Кебле-Мамед-Гусейн хотел было зарезать барашка, но, пощупав
его худую спину, с досадой отбросил нож.
— Кожа да кости! — сказал он жене.
Та посоветовала пустить барашка попастись в саду, нагулять
жирок. Барашка втолкнули в сад, но животное даже не притронулось к сочной
зеленой траве.
Из соседнего дома Азиз-хана доносилось пение. Зычный голос
самого Азиз-хана выводил:
Словно чистый снег,
белеешь на горе!
Груди, как гранат,
созревший на заре!..
Оставив барашка, Кебле-Мамед-Гусейн вошел в комнату, повязал кушак, надел чуху, сунул в карман кисет с табаком, заткнул трубку за кушак и сказал жене:
— Я возьму барашка.
— Куда? — спросила
жена. — За него и рубля не дадут.
— Нет, не продавать. Понесу хану, авось выгадаю на этом
что-нибудь...
И, подхватив барашка под мышку, он зашагал к дому Азиз-хана.
Песни и хлопанье в ладоши слышались все явственней:
Словно чистый снег...
Груди, как гранат...
У больших ворот ханского дома стояла группа
крестьян, во дворе тоже стояли крестьяне и о чем-то громко спорили.
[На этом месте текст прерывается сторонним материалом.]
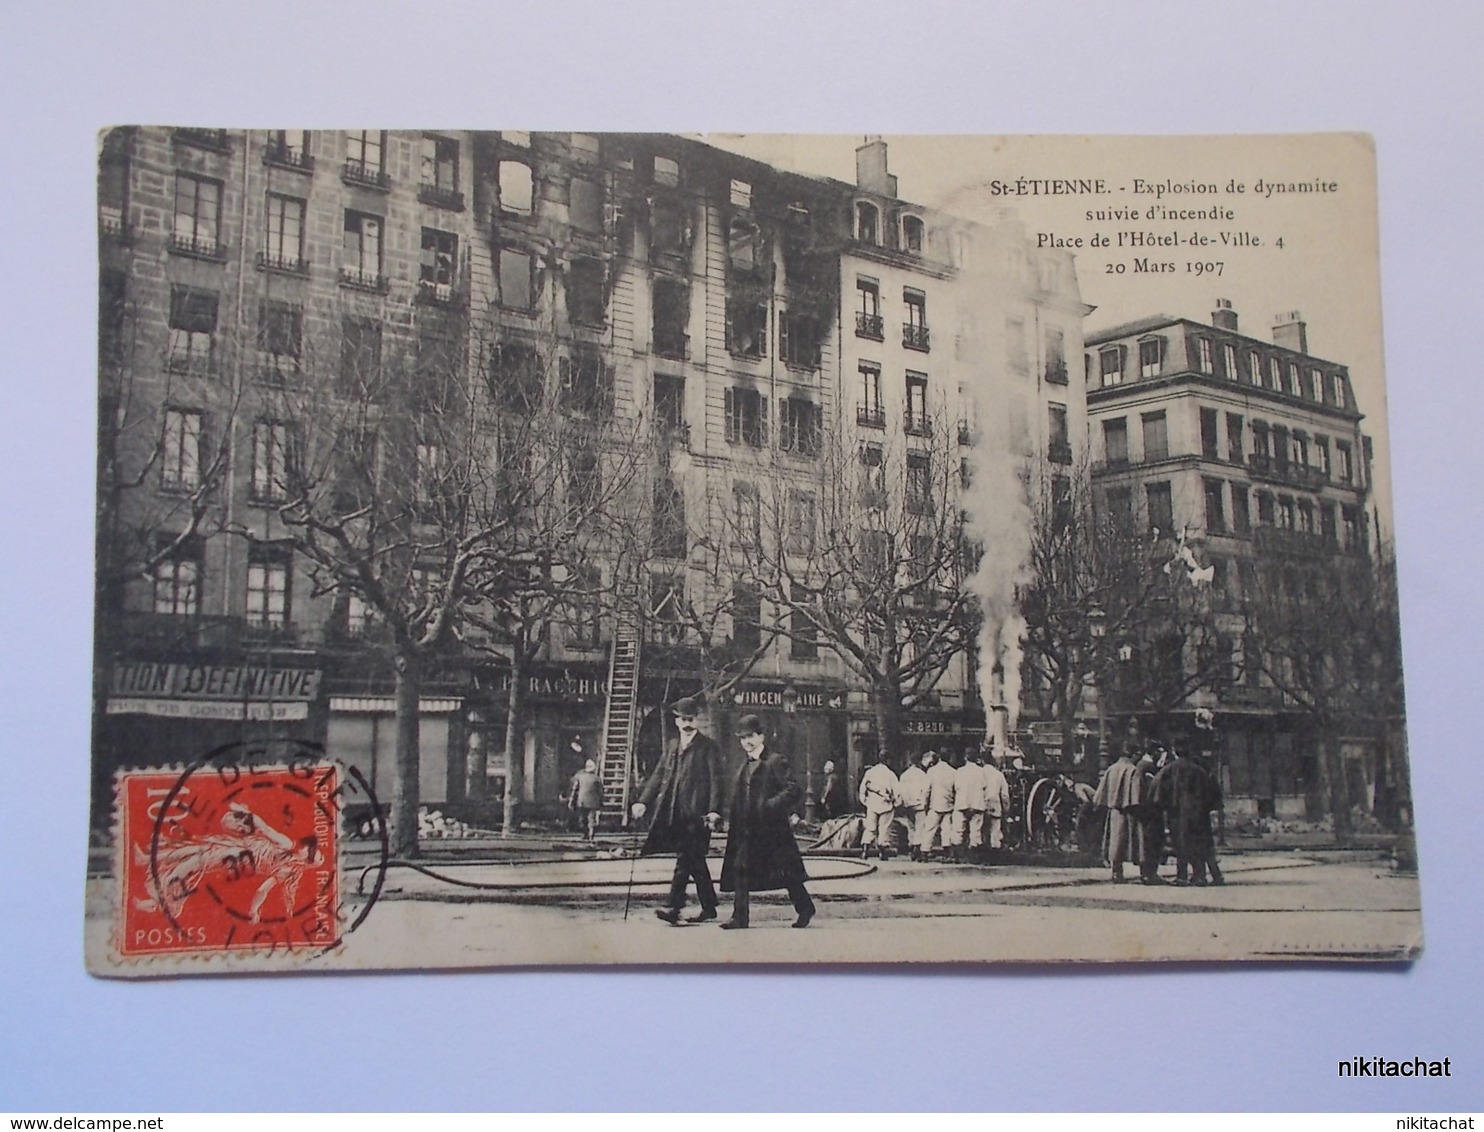 SAINT ETIENNE-Explosion De Dynamite Suivie D'incendie Place De L'hotel De Ville,20 MARS 1907 - Saint Etienne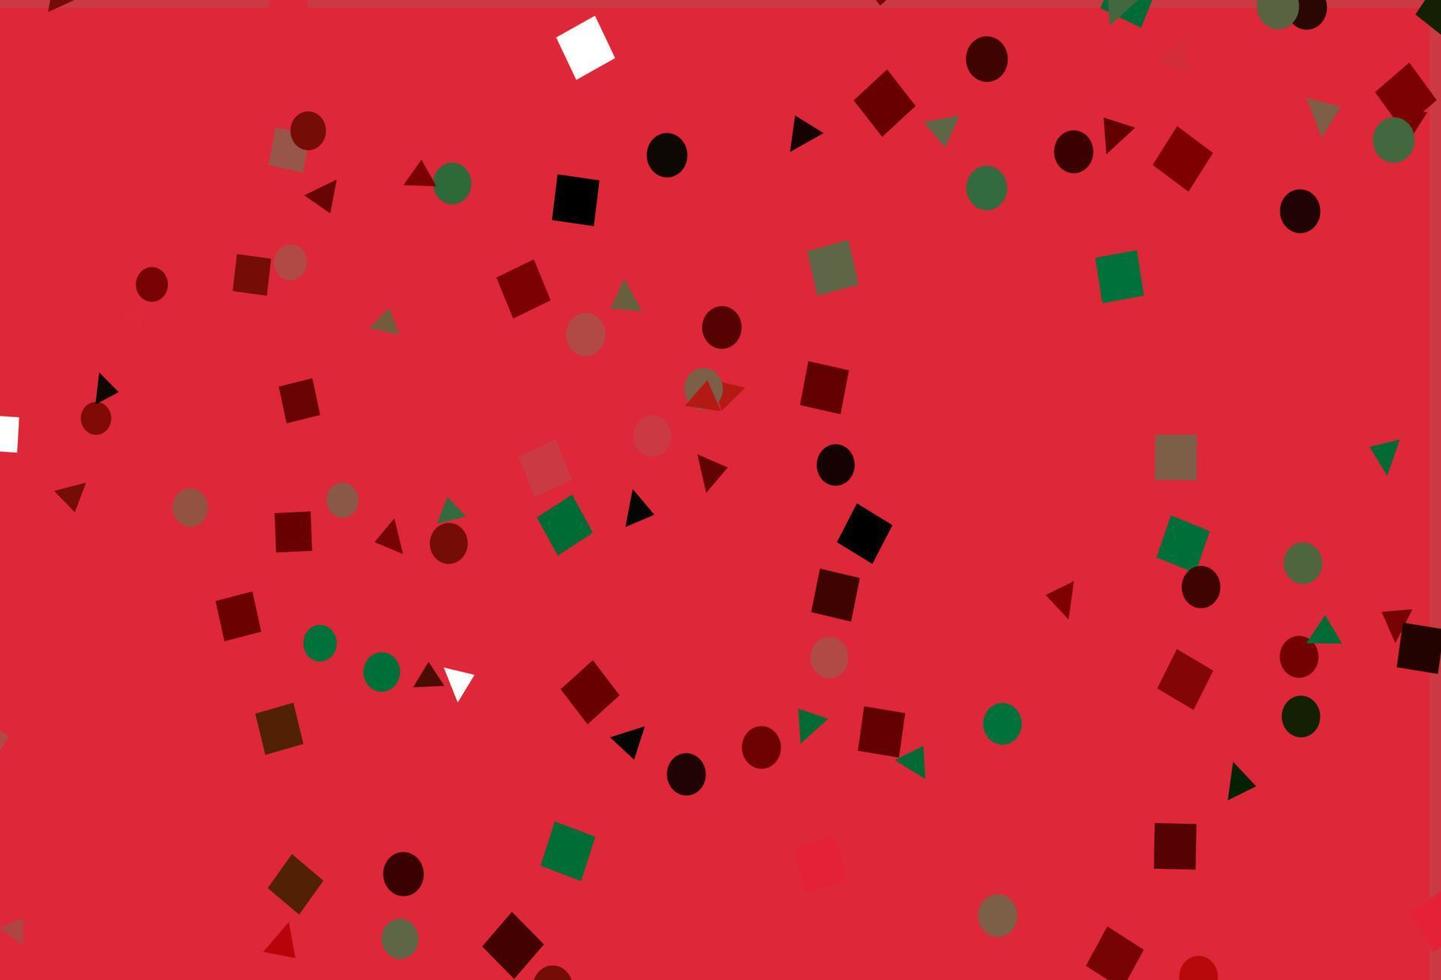 fond de vecteur vert clair et rouge avec des triangles, des cercles, des cubes.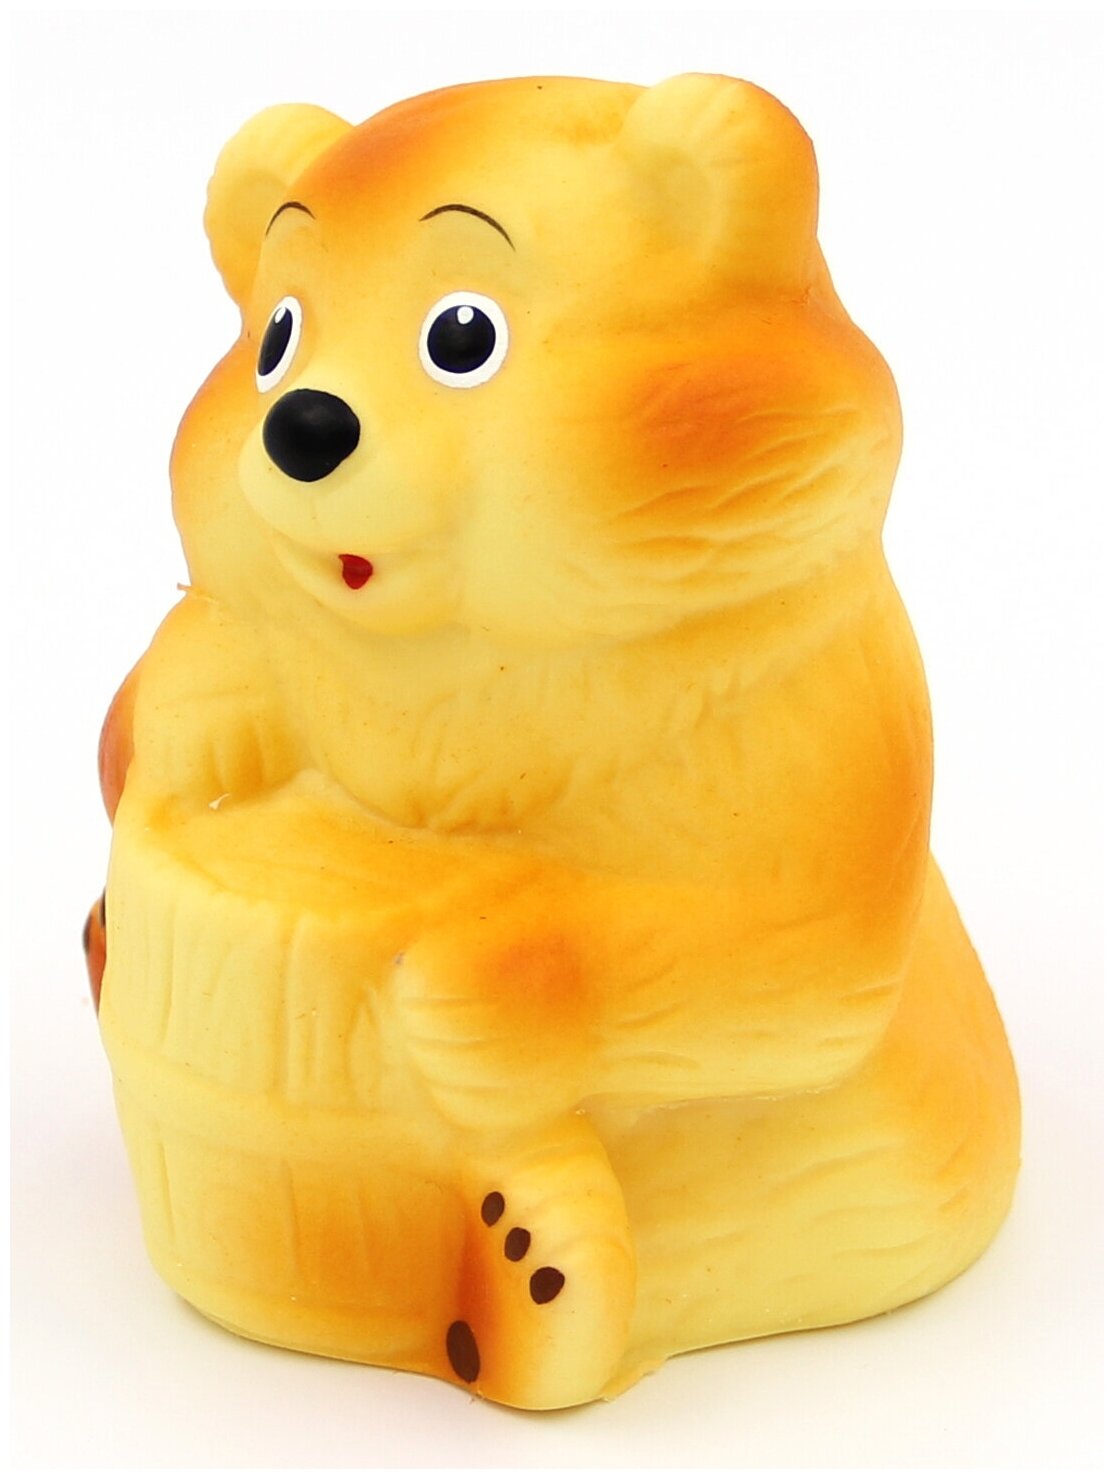 Кудесники: Медвежонок - фигурка-игрушка из ПВХ Пластизоля (Резиновая игрушка), СИ-234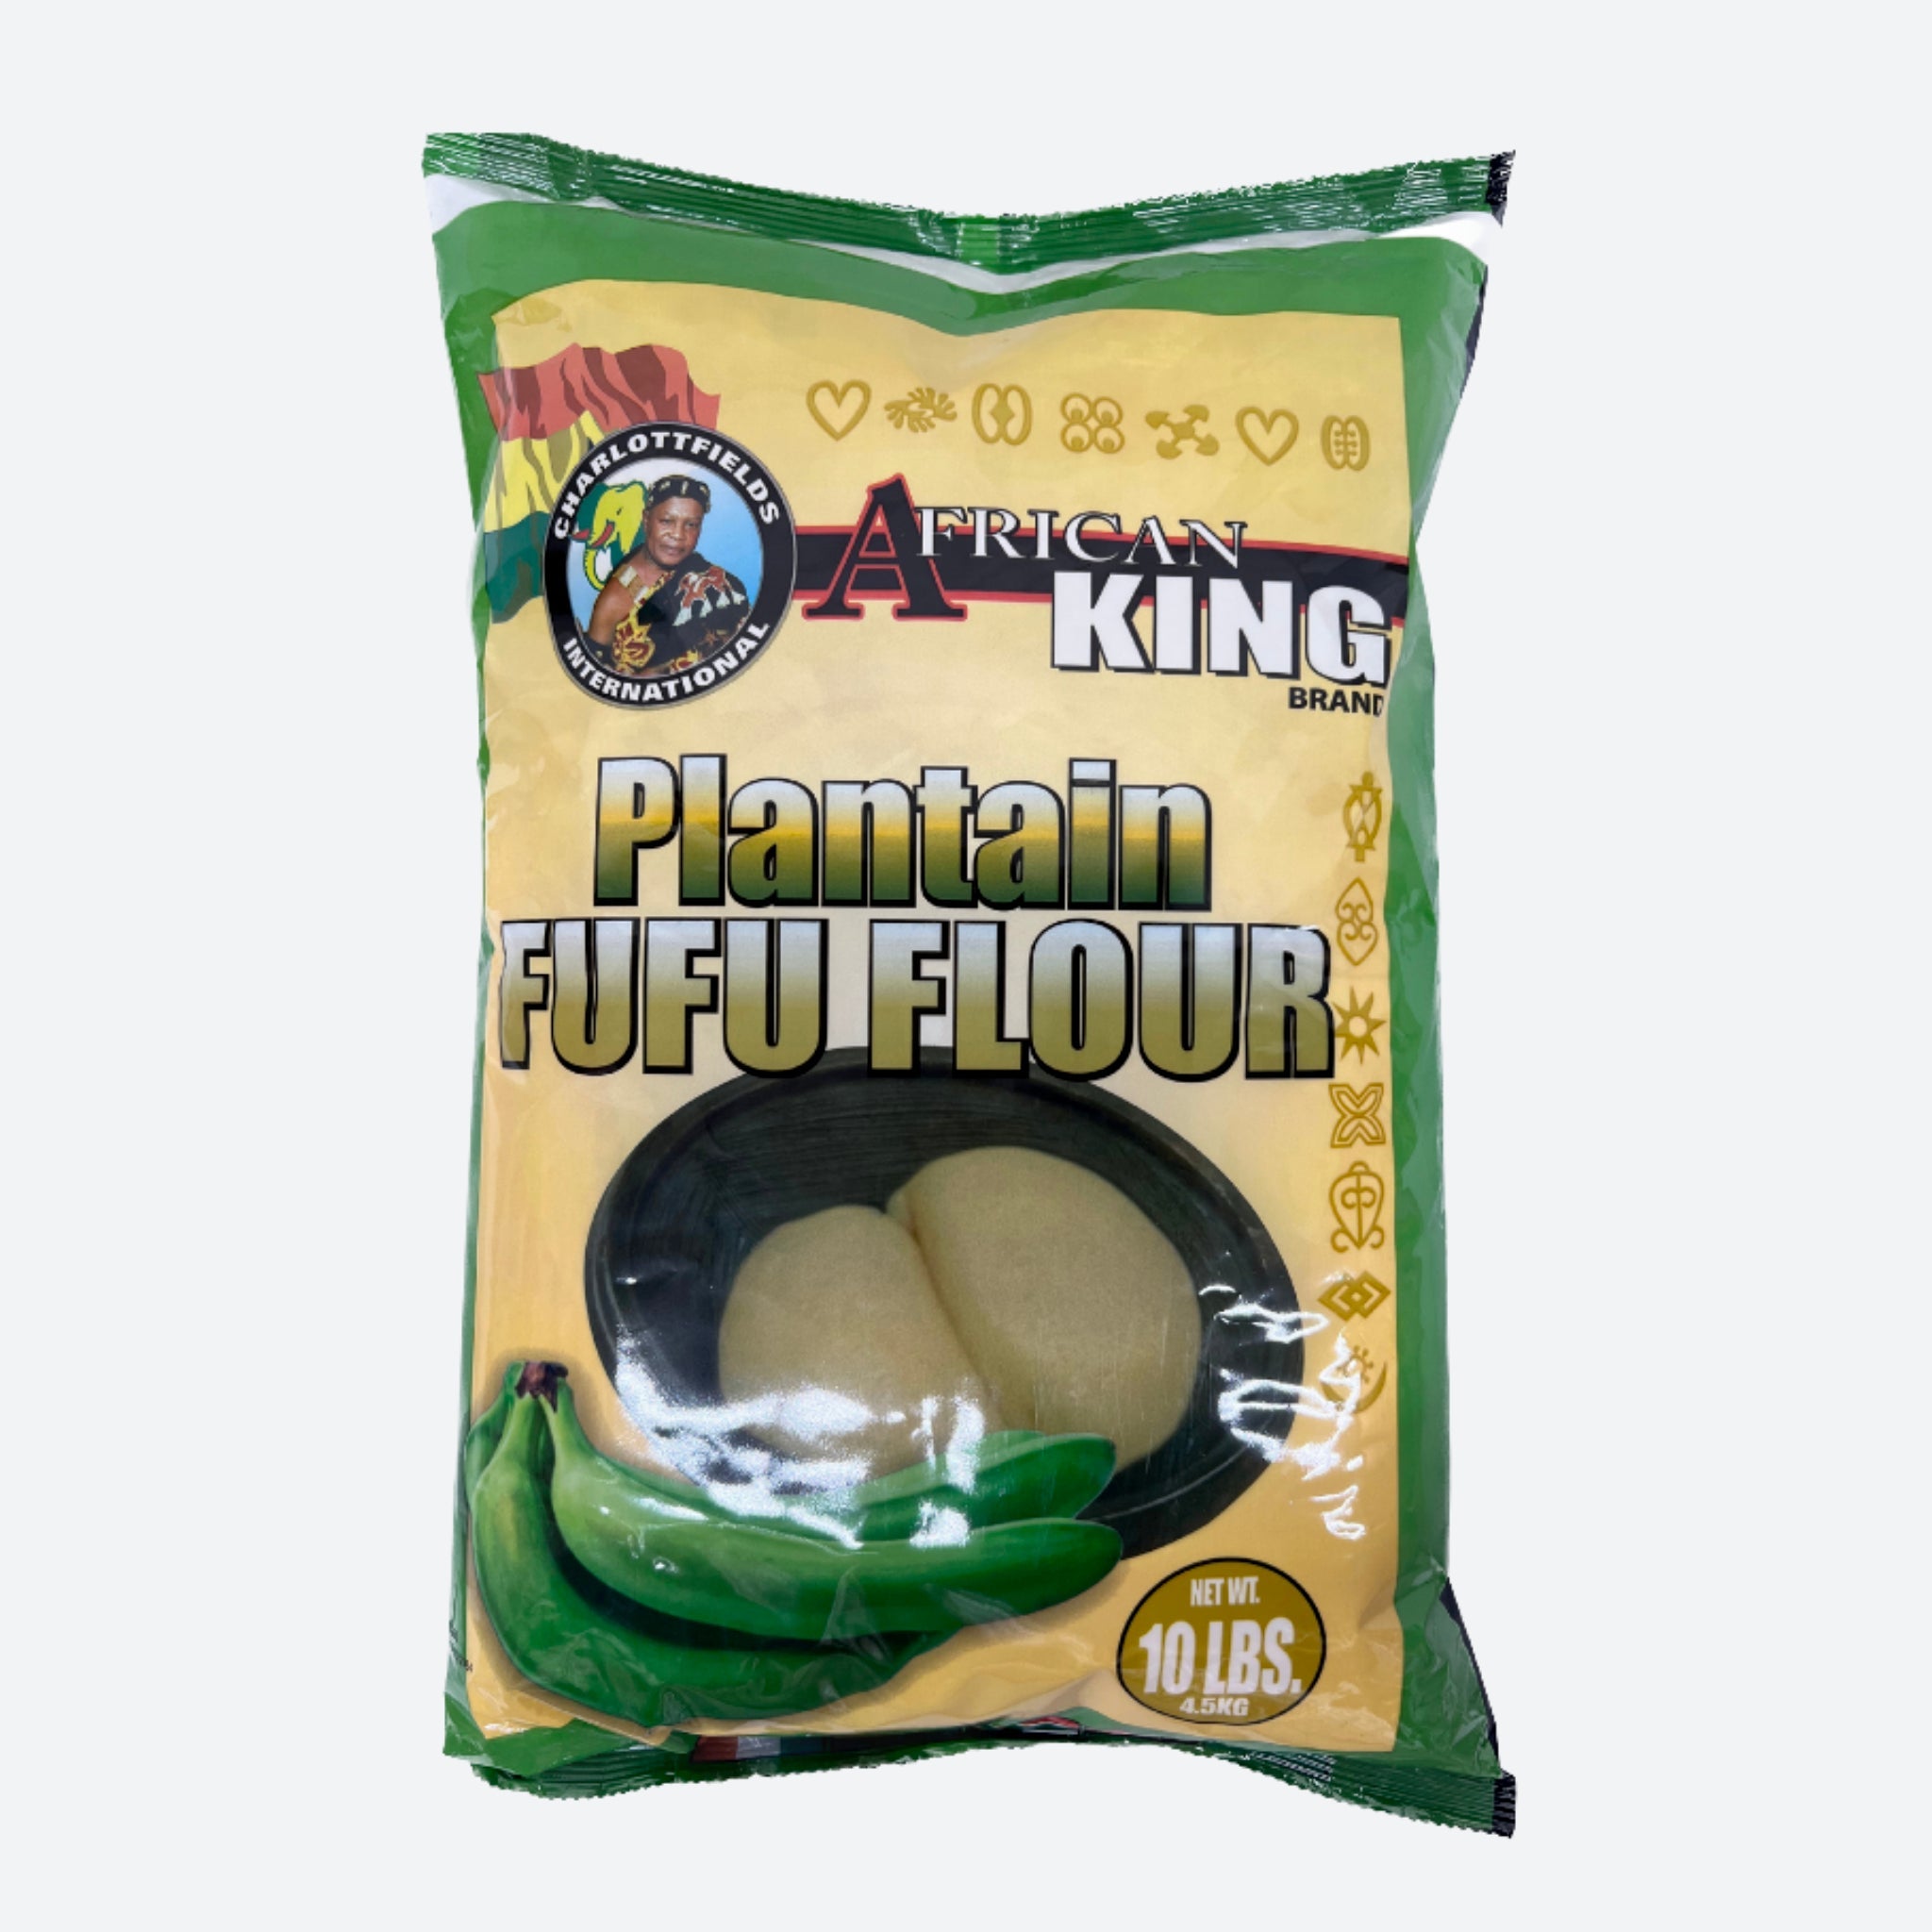 African King Plantain Fufu Flour - 10lbs

В саду, под
тутовыми деревьями, паслось несколько барашков. В углу двора, под навесом, была
привязана неоседланная белая лошадь. Из кухни доносился стук ножей. Слуги
шныряли между кухней и домом, проносили из кухни полные блюда, а в кухню пустую
грязную посуду.
Кебле-Мамед-Гусейн поднялся по лестнице и, войдя в переднюю,
обратился к одному из слуг:
— Братец Садых! Доложи хану, что Мамед-Гусейн принес ему
барашка.
Через несколько минут изрядно пьяный Азиз-хан, вытирая
салфеткой губы, вышел в переднюю и, увидев выглядывавшего из-под мышки
Кебле-Мамед-Гусейна барашка, начал гладить его, приговаривая:
— Барашек, барашек! Какой славный, какой
красивый барашек! Бара... бараш... бэ-бээ...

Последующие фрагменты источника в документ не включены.